Dual Blockade of the RAS with angiotensin receptor blockers, ACE inhibitors, or aliskiren is associated with increased risks of hypertension, hyperkalemia, and changes in renal function (including acute renal failure) compared to monotherapy. Most patients receiving the combination of two RAS inhibitors do not obtain any additional benefit compared to monotherapy. In general, avoid combined use of RAS inhibitors. Closely monitor blood pressure, renal function and electrolytes in patients on benazepril hydrochloride and hydrochlorothiazide and other agents that affect the RAS.
Do not co-administer aliskiren with benazepril hydrochloride and hydrochlorothiazide in patients with diabetes. Avoid use of aliskiren with benazepril hydrochloride and hydrochlorothiazide in patients with renal impairment (GFR less than 60 mL/min).
In patients who are elderly, volume-depleted (including those on diuretic therapy), or with compromised renal function, co-administration of NSAIDs, including selective COX-2 inhibitors, with ACE inhibitors, including benazepril, may result in deterioration of renal function, including possible acute renal failure. These effects are usually reversible. Monitor renal function periodically in patients receiving benazepril and NSAID therapy.
The antihypertensive effect of benazepril and hydrochlorothiazide may be attenuated by NSAIDs.

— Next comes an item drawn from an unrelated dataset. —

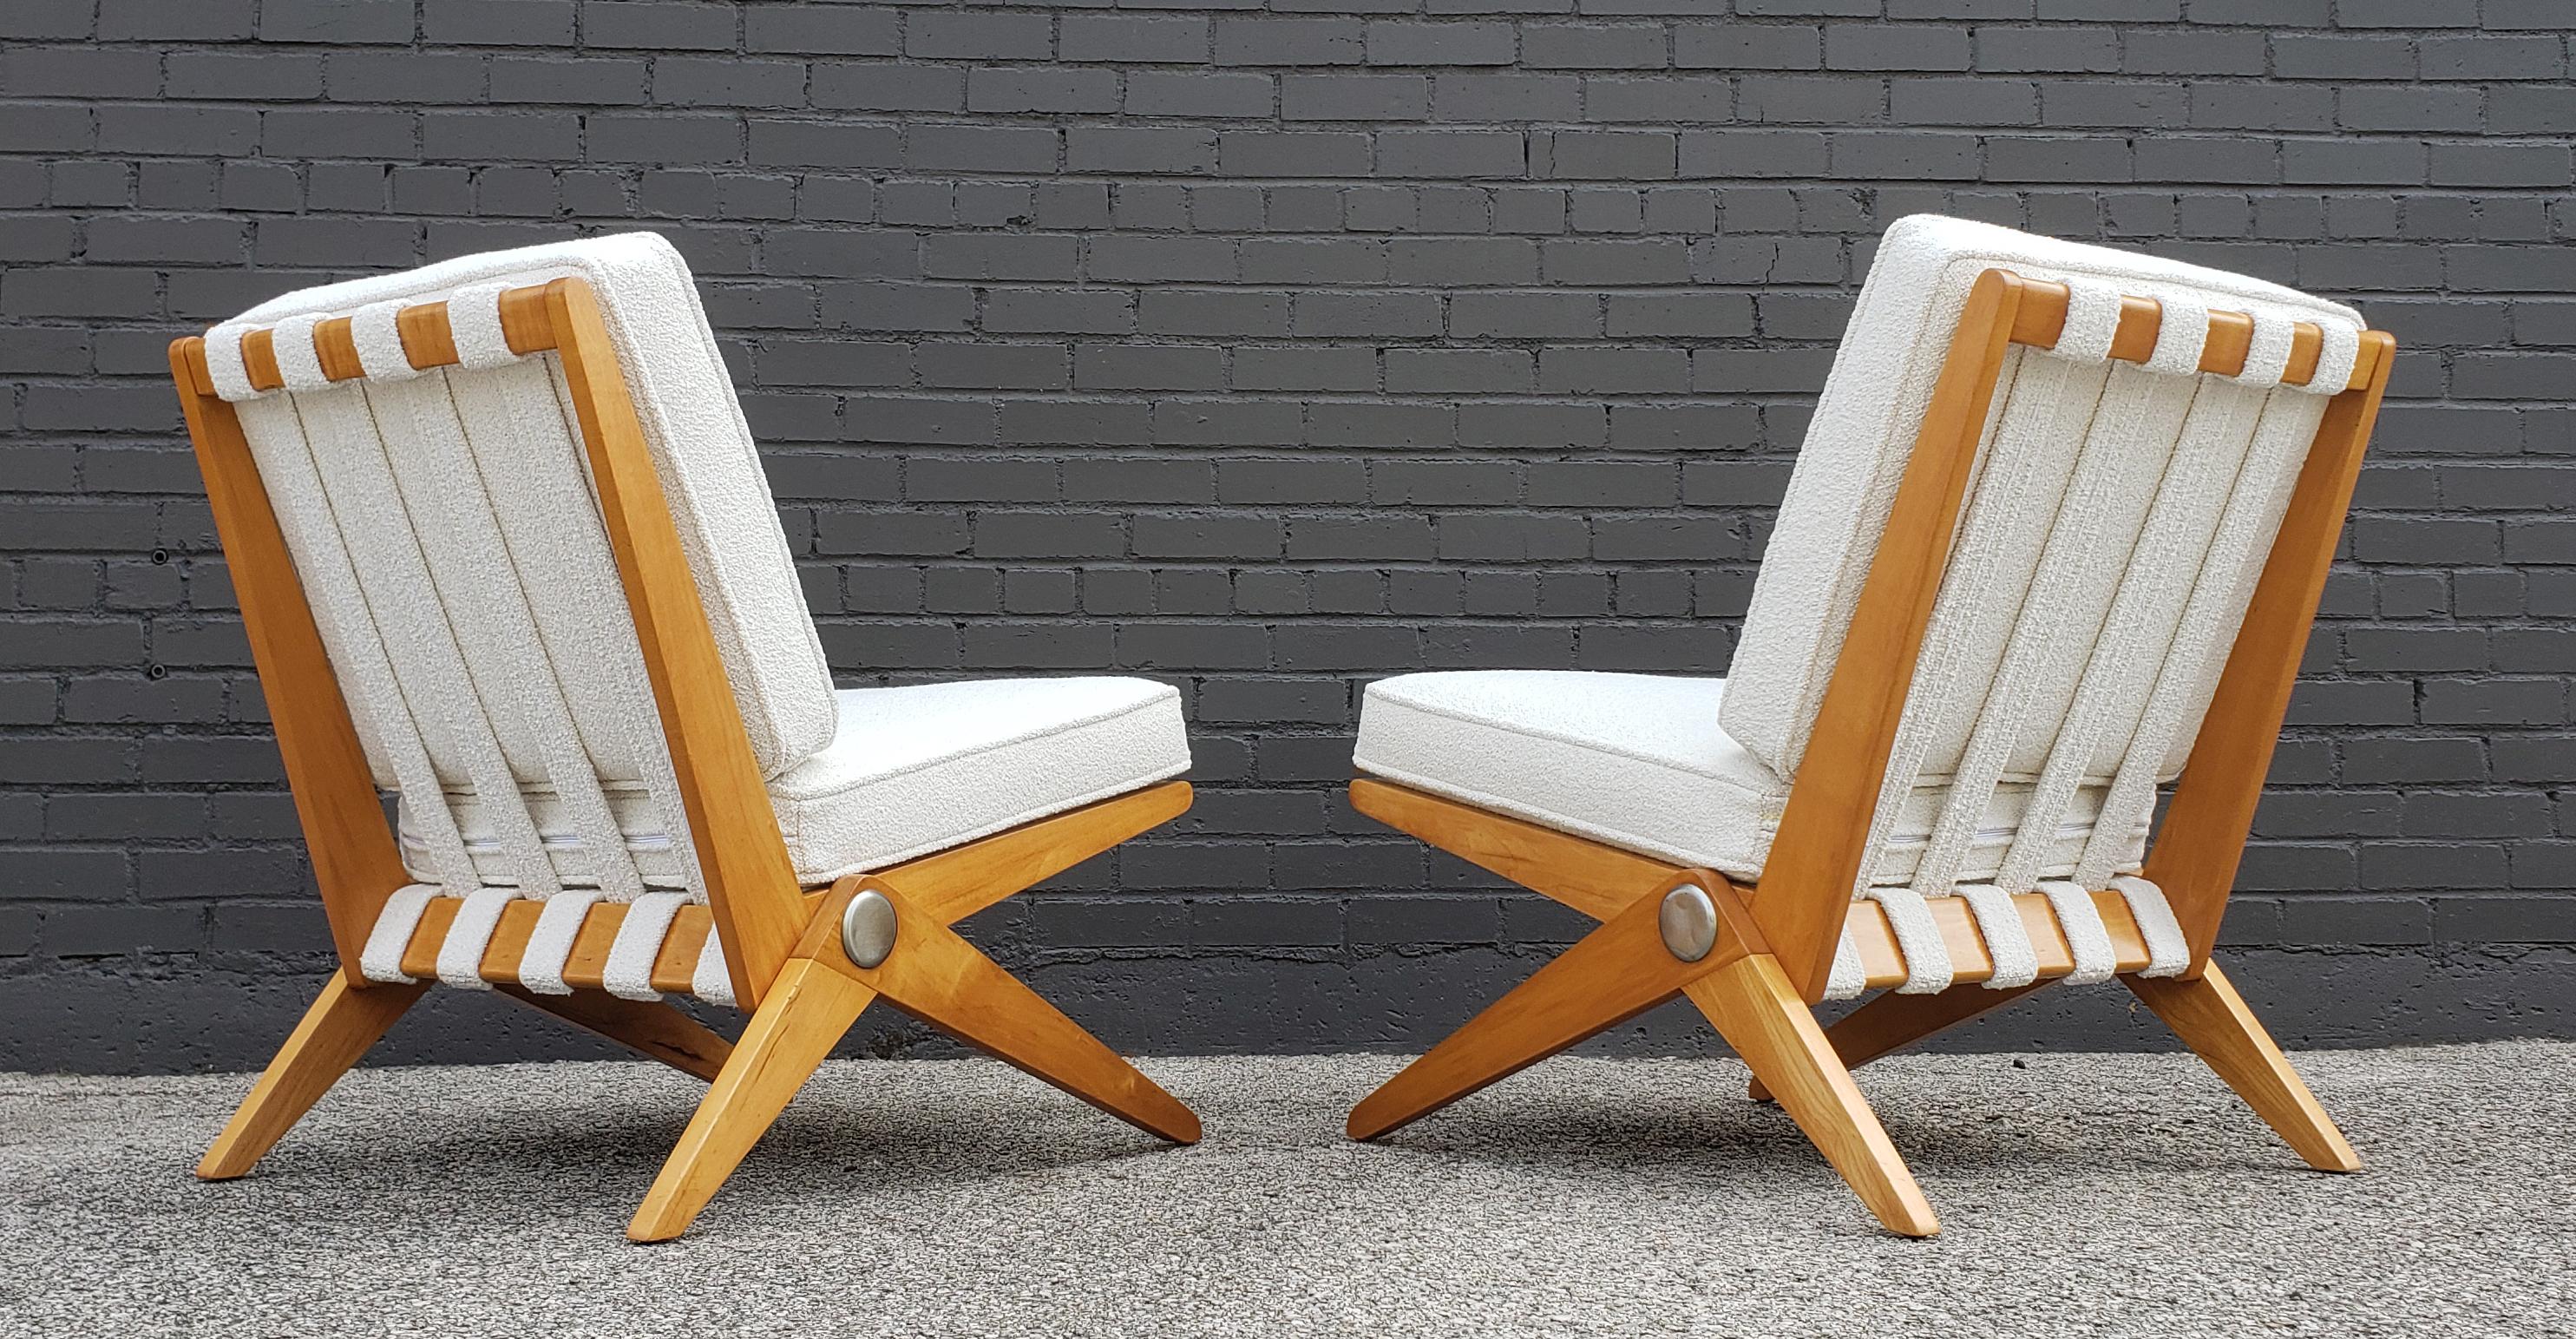 Rare and early pair of Scissor Lounge chairs designed by Pierre Jeanneret in 1948 and produced by Knoll and Associates, circa 1955. The frames have been disassembled and re-glued and re-trued for structural integrity. Fully refinished in a

Benazepril has been used concomitantly with beta-adrenergic-blocking agents, calcium-blocking agents, cimetidine, diuretics, digoxin, hydralazine, and naproxen without evidence of clinically important adverse interactions. Other ACE inhibitors have had less than additive effects with beta-adrenergic blockers, presumably because drugs of both classes lower blood pressure by inhibiting parts of the renin-angiotensin system.
Interaction studies with warfarin and acenocoumarol have failed to identify any clinically important effects of benazepril on the serum concentrations or clinical effects of these anticoagulants.
Nitritoid reactions (symptoms include facial flushing, nausea, vomiting and hypotension) have been reported rarely in patients on therapy with injectable gold (sodium aurothiomalate) and concomitant ACE inhibitor therapy.
Patients receiving coadministration of ACE inhibitor and mTOR inhibitor (e.g., temsirolimus, sirolimus, everolimus) therapy may be at increased risk for angioedema (see WARNINGS).
Ion exchange resins: Stagger the dosage of hydrochlorothiazide and ion exchange resins such that hydrochlorothiazide is administered at least 4 hours before or 4 to 6 hours after the administration of resins. Single doses of either cholestyramine or colestipol resins bind the hydrochlorothiazide and reduce its absorption from the gastrointestinal tract by up to 85% and 43%, respectively.
Digitalis Glycosides
Thiazide-induced hypokalemia or hypomagnesemia may predispose the patients to digoxin toxicity.
Skeletal Muscle Relaxants
Possible increased responsiveness to muscle relaxants such as curare derivatives.
Antidiabetic Agents
Dosage adjustment of antidiabetic drug may be required.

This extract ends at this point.